Why Some Enterprise Search Tools Can Compromise the Integrity of your eDiscovery Process

Posted on October 7, 2010


As part of bringing eDiscovery in-house, one might consider using enterprise search tools, open source search tools, portal search, or embedded (free) search components to execute the negotiated Booleans, find relevant documents, and copy them to a preservation location (often a dedicated file server).
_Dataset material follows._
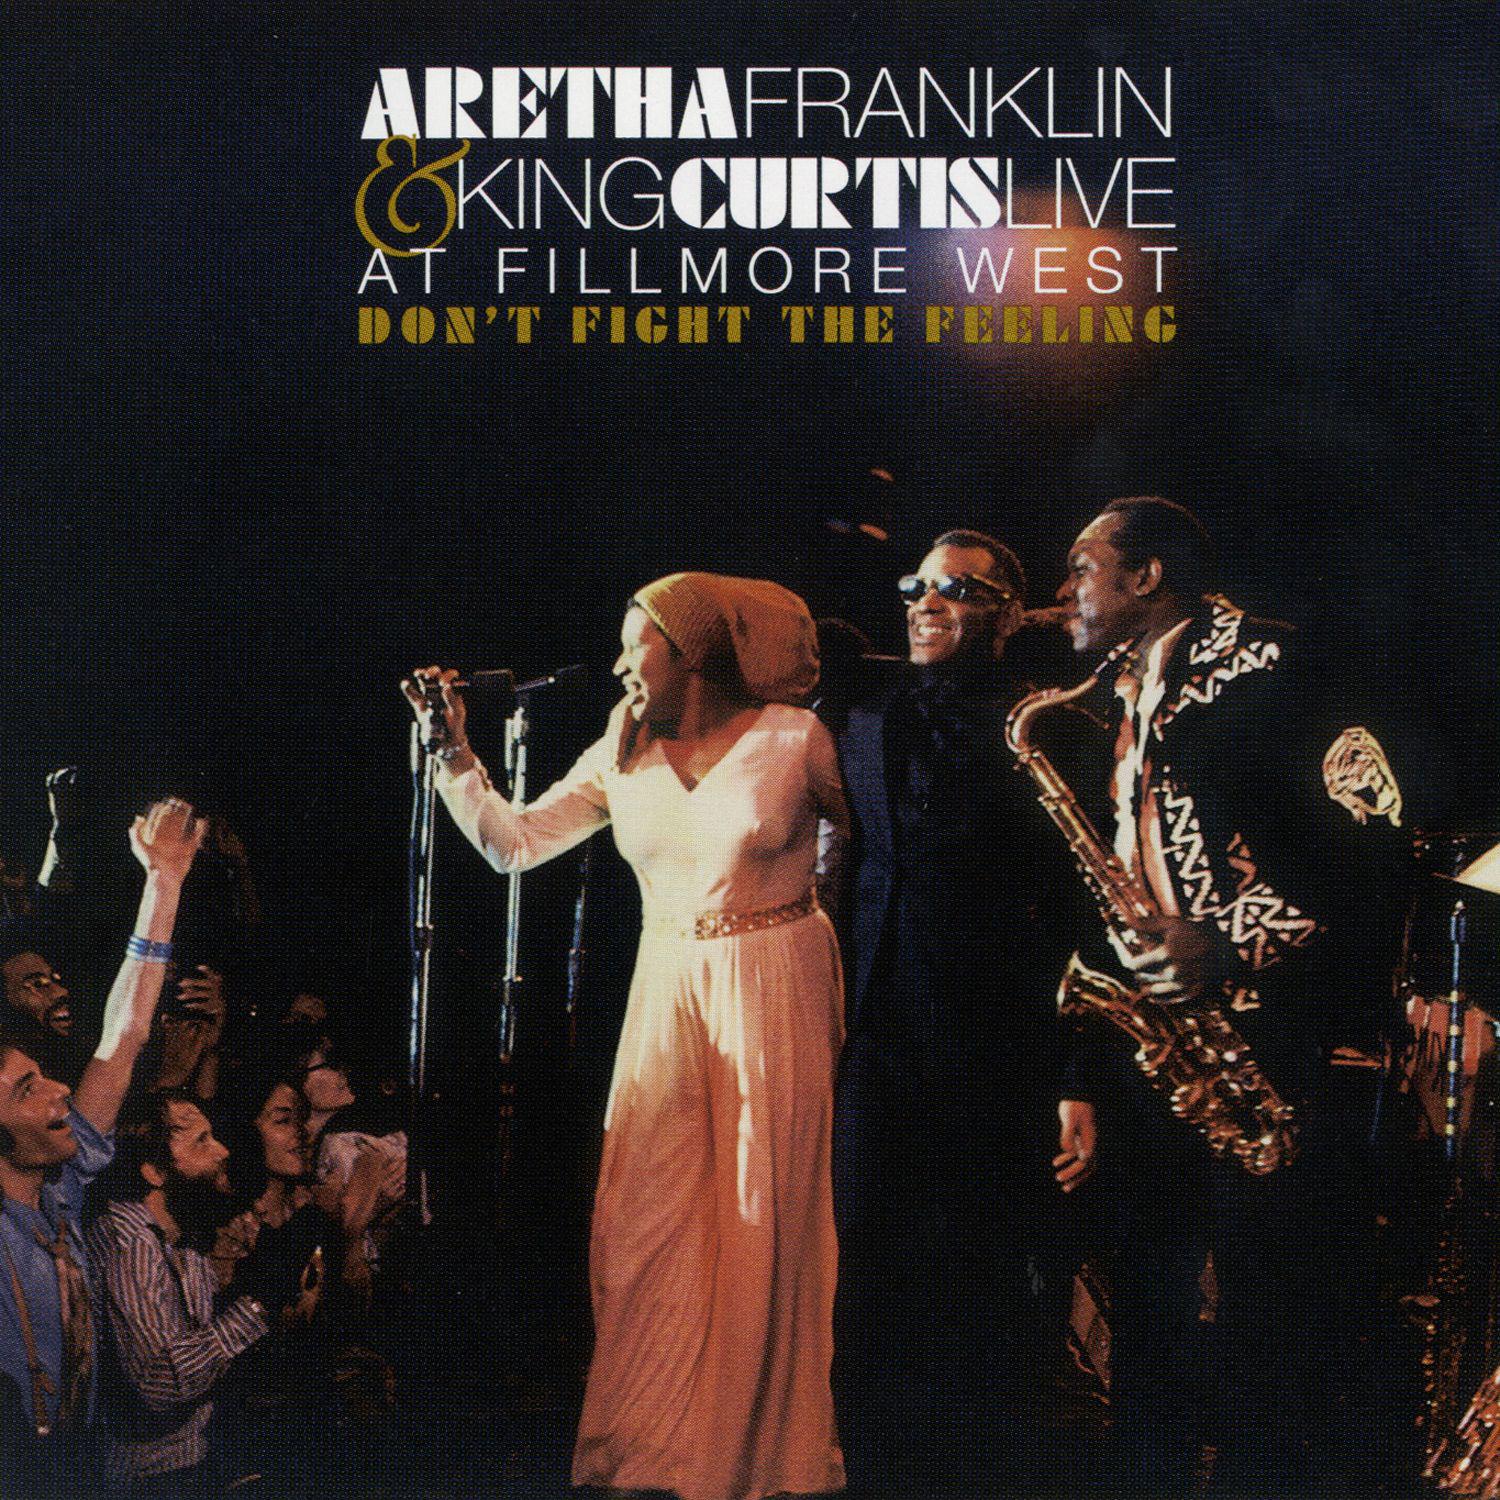 Share Your Love With Me (Live at Fillmore West, San Francisco, CA, 3/7/1971)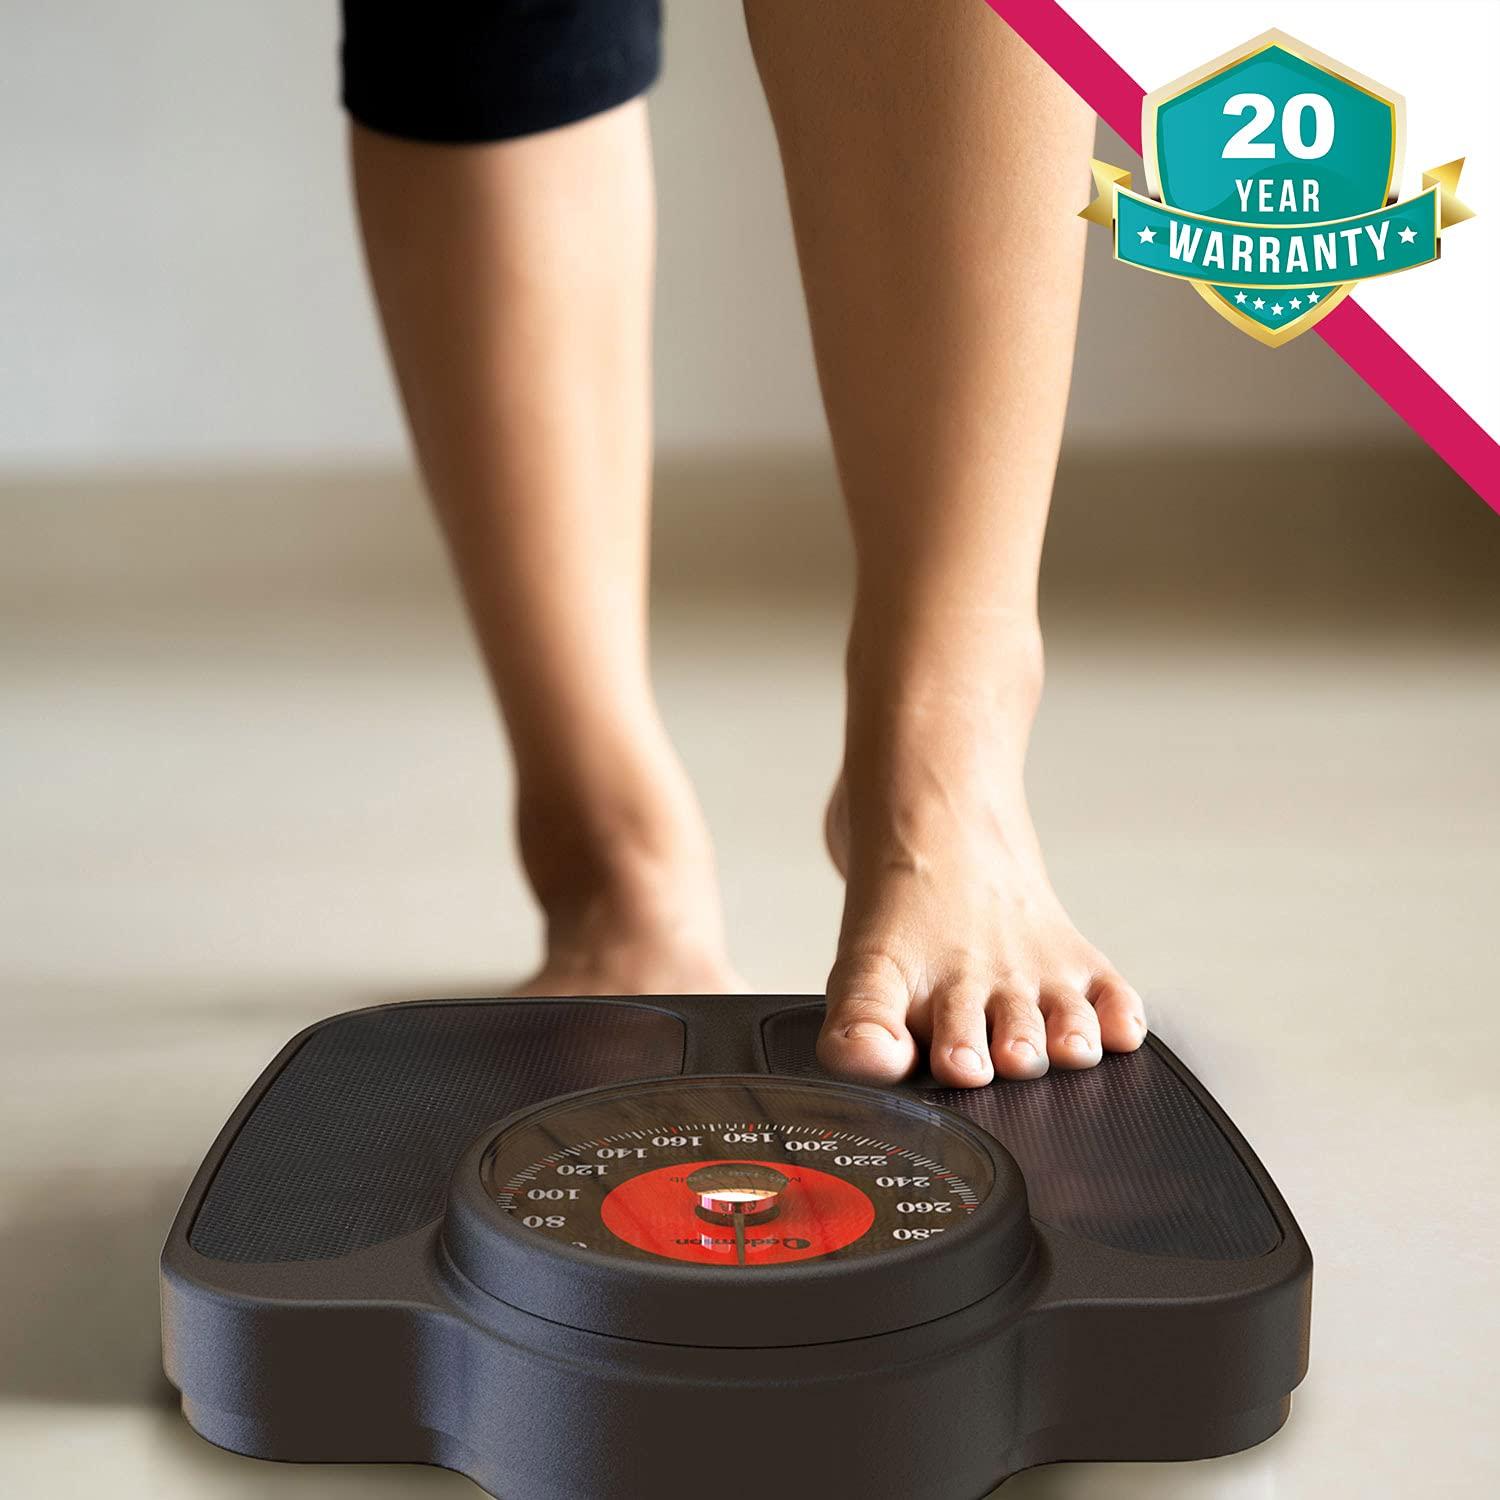 Certified Used Adamson A24 Scale for Body Weight - Up to 350 LB, Anti-Skid  Rubber Surface, Extra Large Numbers - High Precision Bathroom Scale Analog

Although this may seem like a logical approach, there are many risks when non-specialized search tools are used in an eDiscovery process. In short, many of them lack some of the functionality that is required to make the collection process defensible on court. The following are just a few examples  of best practices [as defined by organizations such as EDRM (www.edrm.net) and the Sedona Conference (http://www.thesedonaconference.org/)] which cannot be achieved by many of the non-specialized enterprise search tools.

  1. In order to make in-house eDiscovery defensible in court, one must prove that the file has not been modified since it was collected from a particular location. Therefore it is very important to track hash values (http://en.wikipedia.org/wiki/Fingerprint_(computing)) from the moment of collection until the final production of a document. If two Word documents have the same binary content (exactly the same text, file and document properties), then they will have exactly the same hash value. It is critical to calculate and store these hash values for every document that is collected. Non-specialized enterprise search tools cannot…

 2.       When a document is collected from a particular location, various meta data related to the collection needs to be extracted and stored as well: data location, date and time (access, creation, and modification), and other available file (also known as Operating System) properties such as, but not limited to, size, and security access rights. Non-specialized enterprise search tools cannot…

 3.       For every document that is collected from a custodian or from a file system, yet not given to opposing counsel, you will have to justify why you do not disclose it to the other party. You will need to keep track of this as the eDiscovery process unfolds and you will need to save this information about every document collected. For example, it may be a duplicate, privileged, or confidential, or if it is non-responsive you need to track and document how or why you determined that.  Non-specialized enterprise search tools cannot…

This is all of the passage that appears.